> _What you are asked to do_: A verbatim copy of the full data, with no pictures, is the expected answer.

> _Material provided_:
:::::

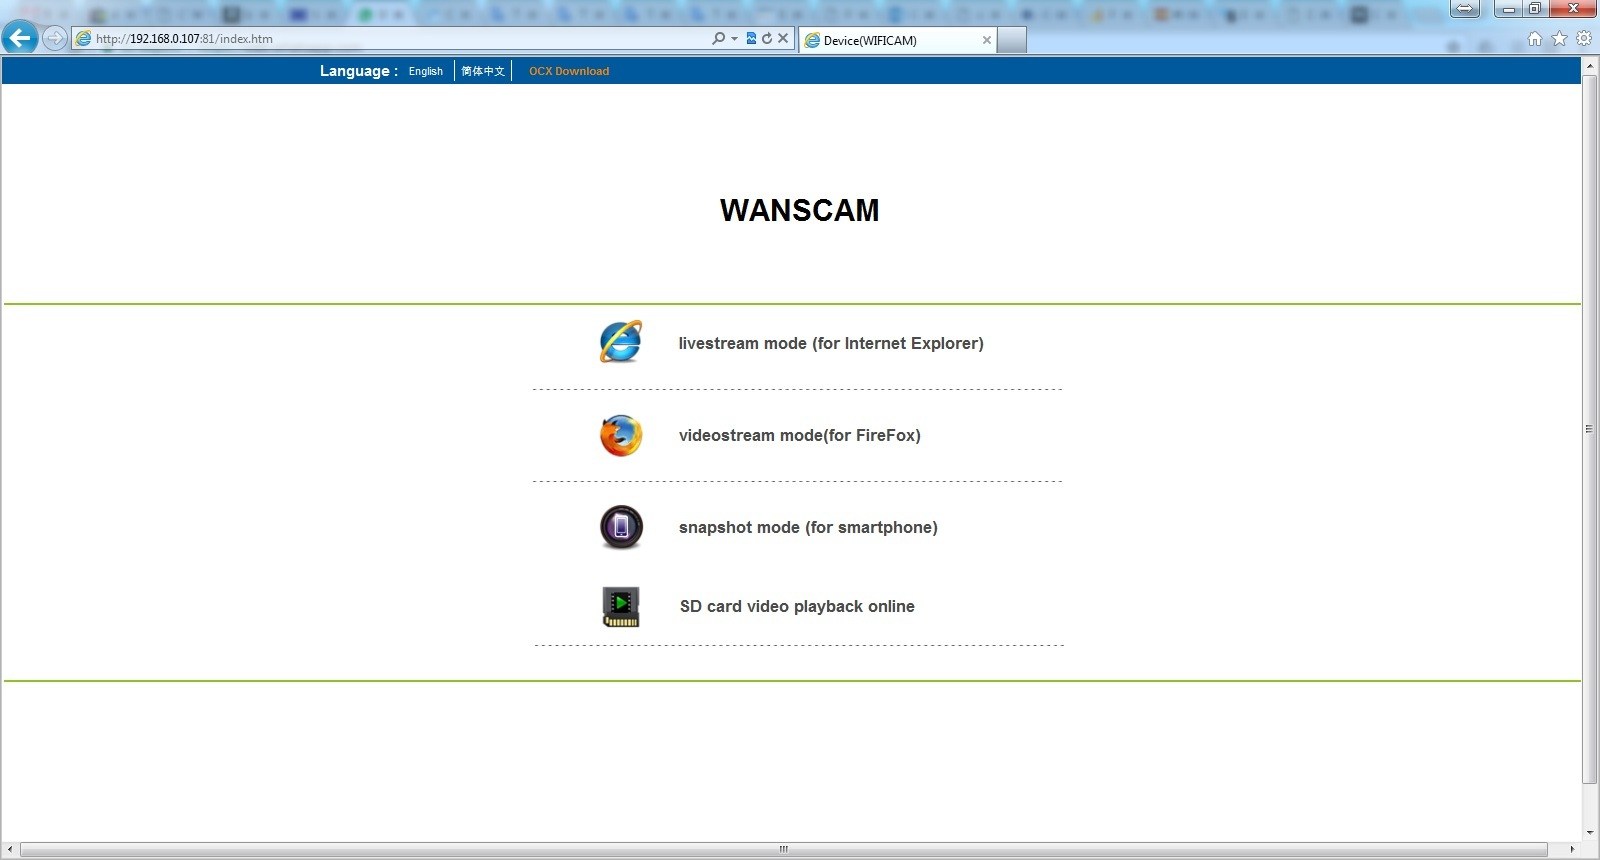 wanscam pc client software download
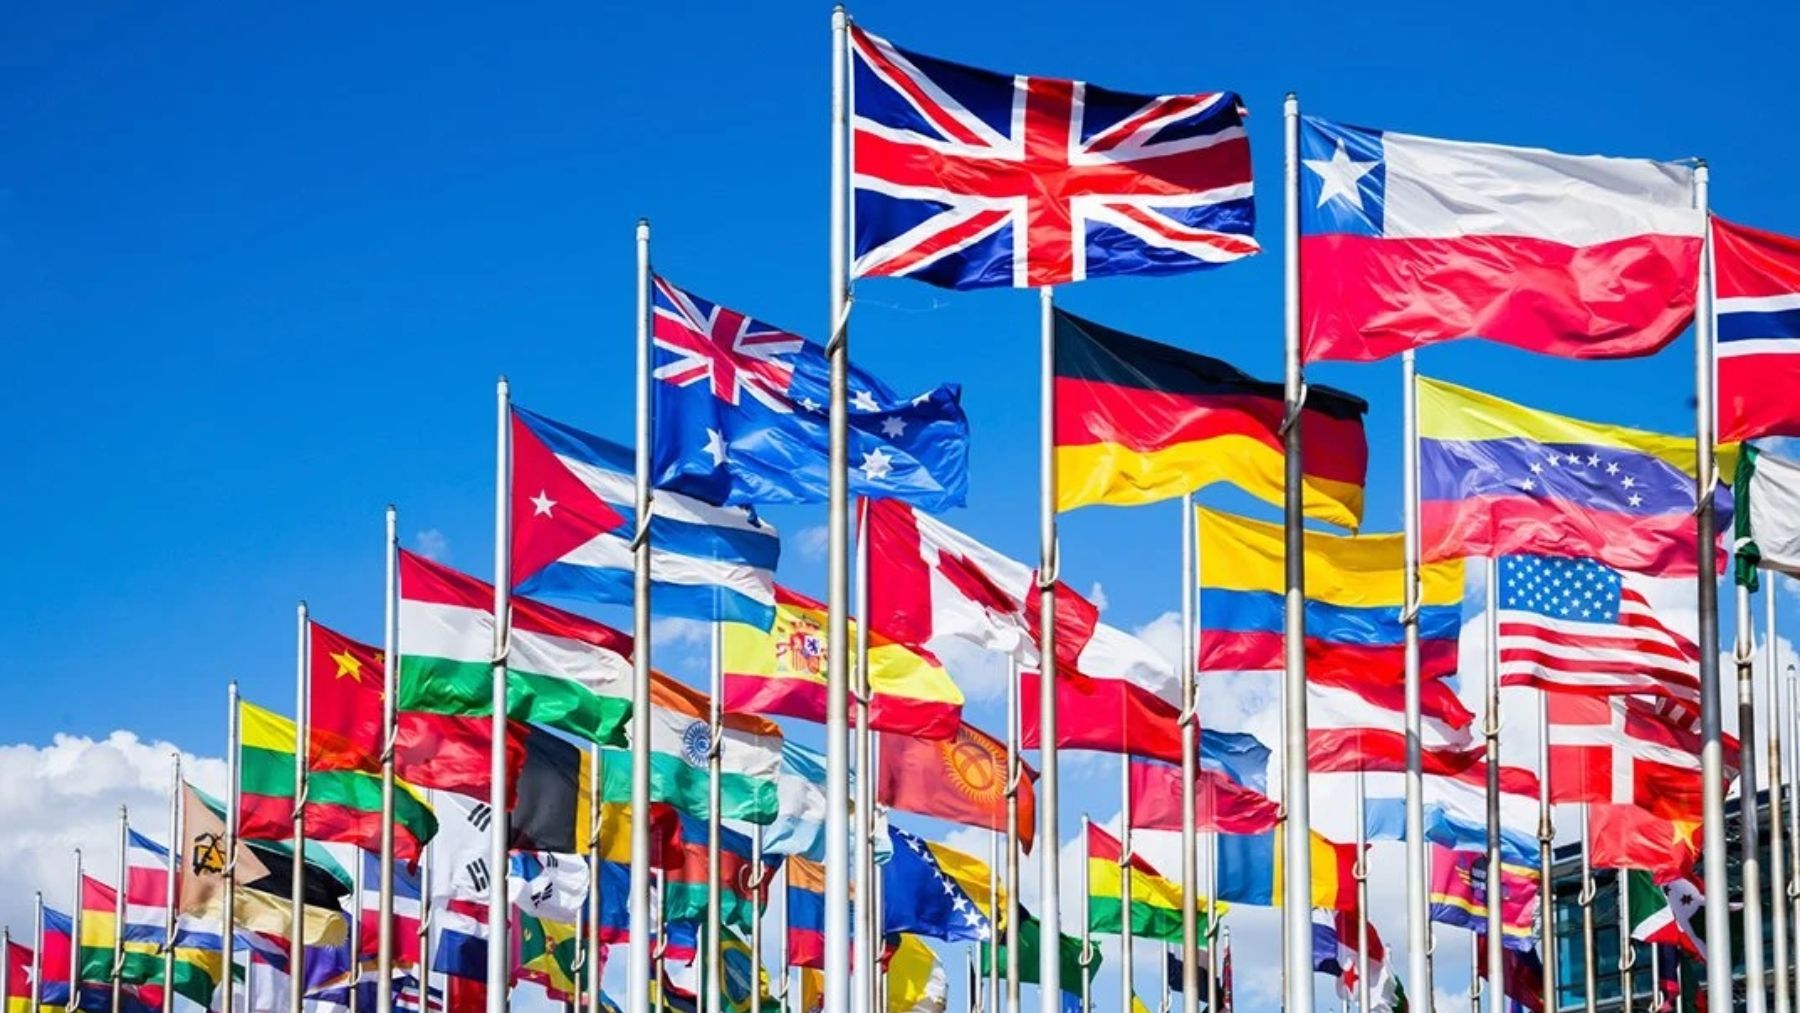 Descubre cuál es el símbolo que más se repite en las banderas de los países
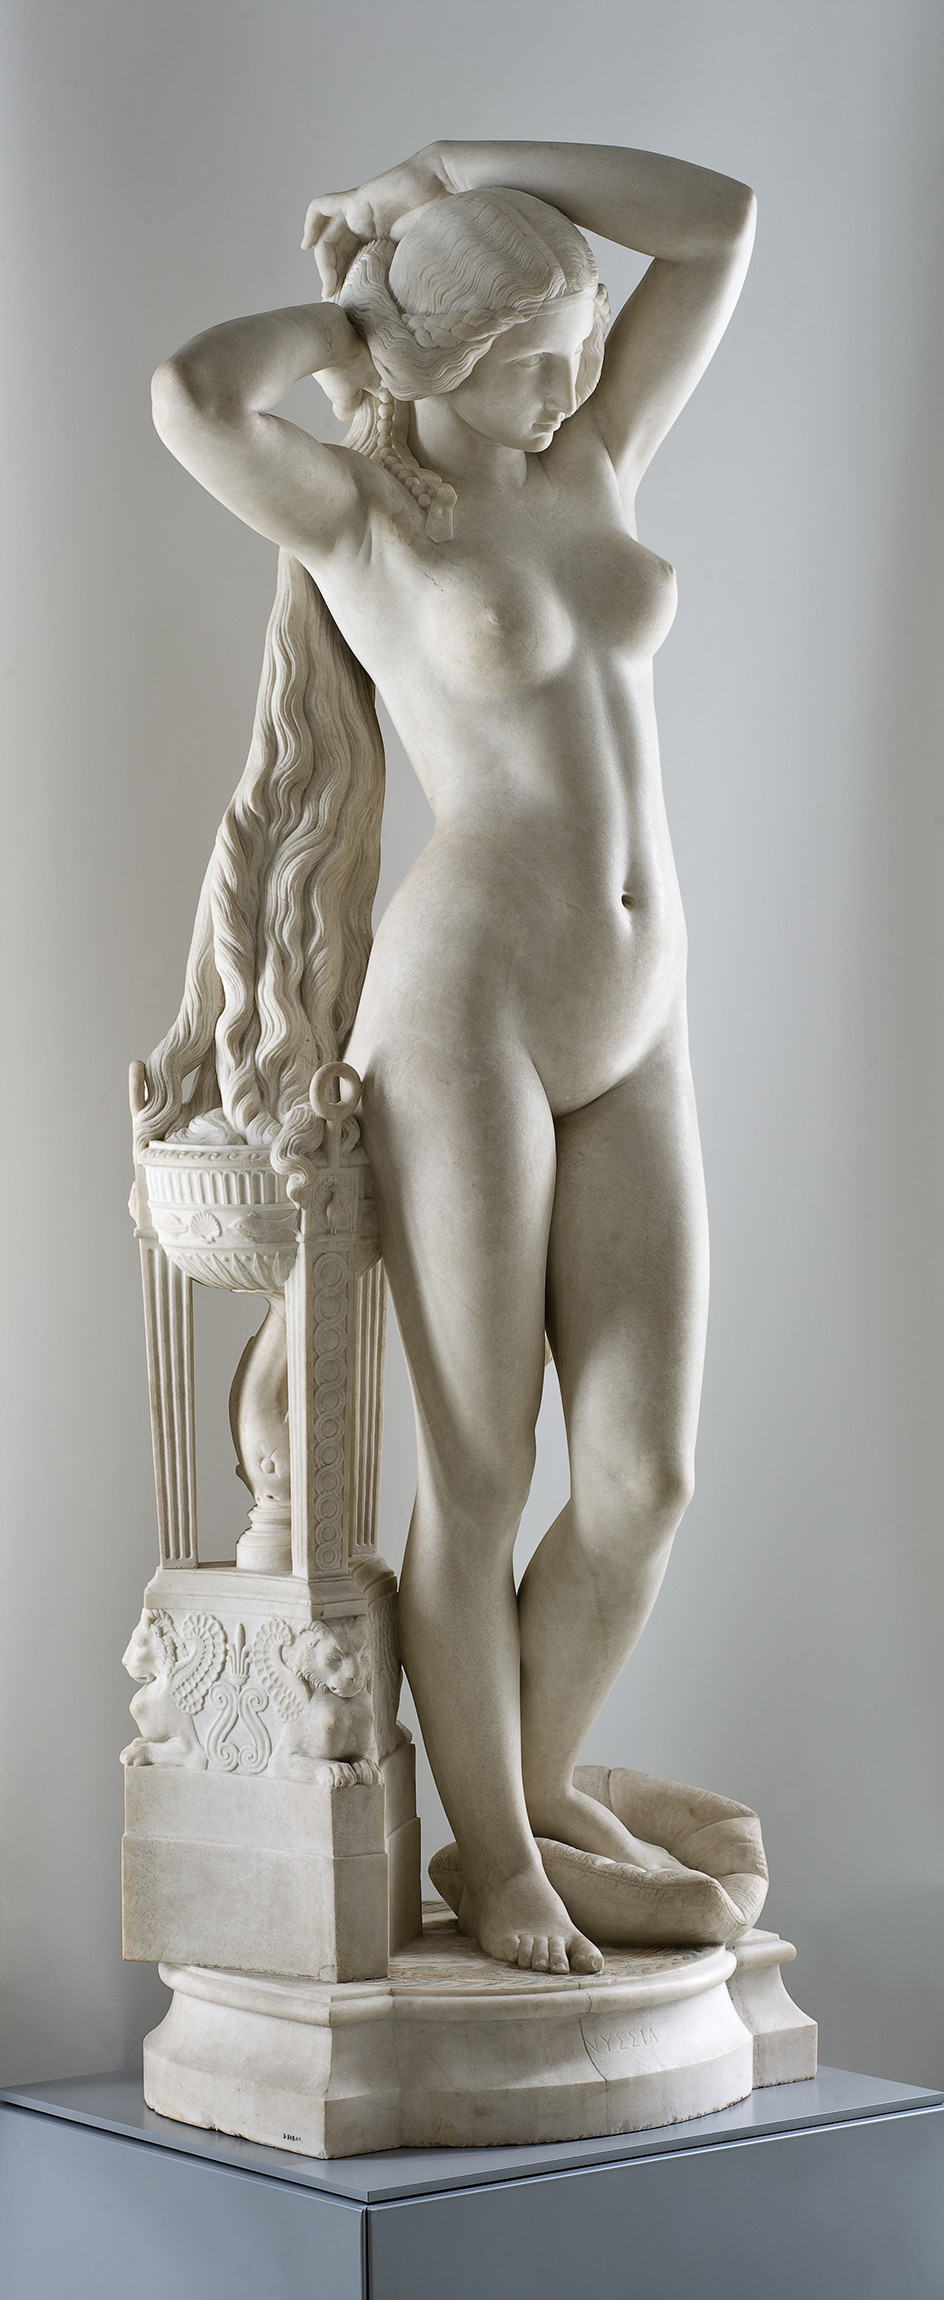 Sculpture en marbre représentant une jeune femme nue et debout (Nyssia, l'épouse du roi Candaule) et se tenant l'arrière des cheveux de ses deux mains, et le pied gauche appuyé sur un coussin.

:::::

> _Exercise answer_:
 wanscam pc client software download
 Descubre cuál es el símbolo que más se repite en las banderas de los países
 Sculpture en marbre représentant une jeune femme nue et debout (Nyssia, l'épouse du roi Candaule) et se tenant l'arrière des cheveux de ses deux mains, et le pied gauche appuyé sur un coussin.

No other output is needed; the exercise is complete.